Een herhaalde aanvraag schulddienstverlening zal na een afwijzing voor het minnelijk traject dan wel na het WSNP-traject geen zin hebben als de situatie van de aanvrager ongewijzigd is. Schuldeisers zullen dan niet akkoord gaan met het voorstel tot regeling van de schulden.

De beleidsvrijheid (artikel 2 juncto artikel 3 Wgs) zoals aan de gemeente gegeven om een dergelijke recidivebepaling op te nemen, ontslaat de gemeente niet van de verplichting om, daar waar een onevenredige situatie ontstaat voor de burger, af te wijken van het bepaalde van artikel 7 indien nodig (ingevolge artikel 8: inherente afwijkingsbevoegdheid). Bijvoorbeeld, als er redenen zijn die de schuldenaar niet zijn toe te rekenen.
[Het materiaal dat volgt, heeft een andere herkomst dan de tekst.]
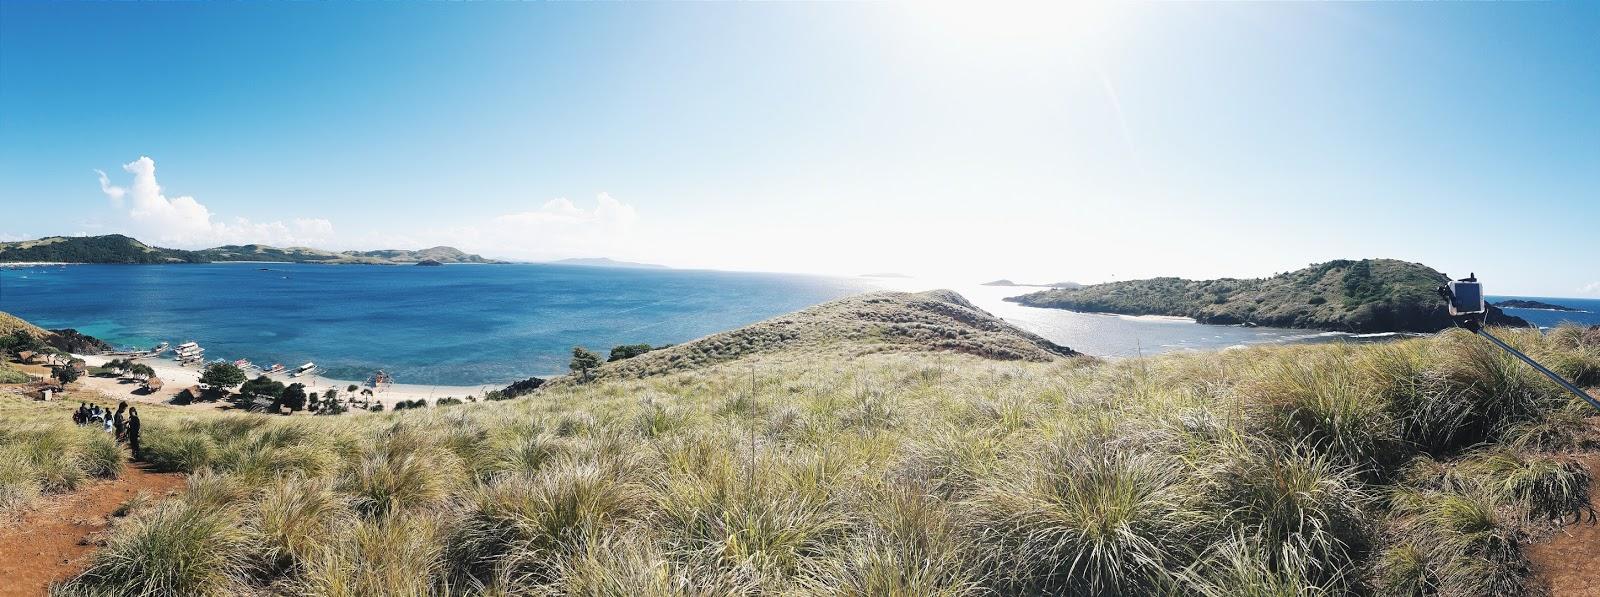 Calaguas Island: An escape from the city noise   KE∆ ORTEG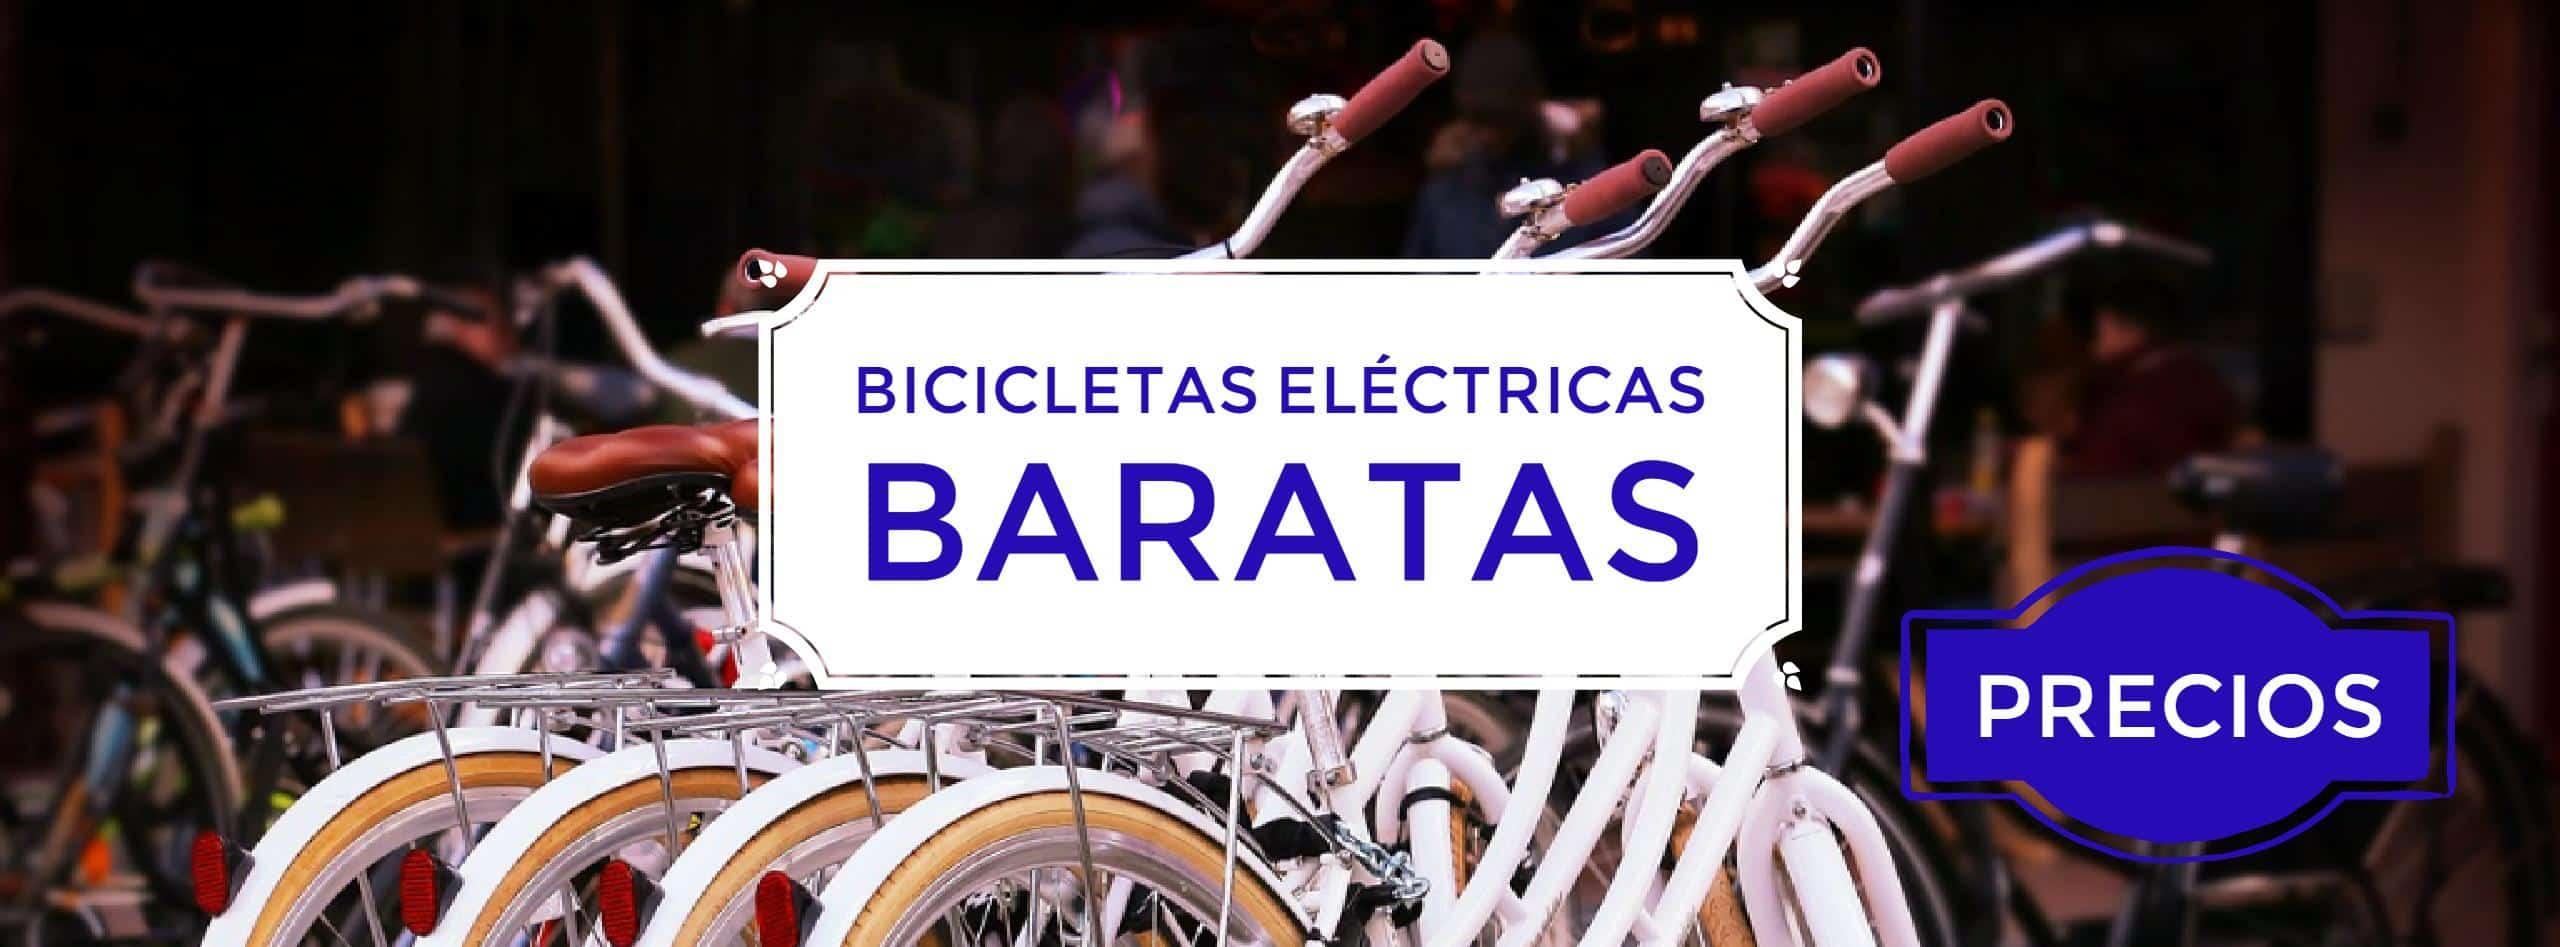 - Bicicletas eléctricas baratas

Artikel 8. Inherente afwijkingsbevoegdheid

De inherente afwijkingsbevoegdheid is onlosmakelijk verbonden aan beleid. Dit artikel noemt expliciet de bevoegdheid aan het college om af te wijken van de beleidsregels in bijzondere en onvoorziene gevallen.

Artikel 9. Inwerkingtreding en citeertitel

Deze bepaling behoeft geen toelichting.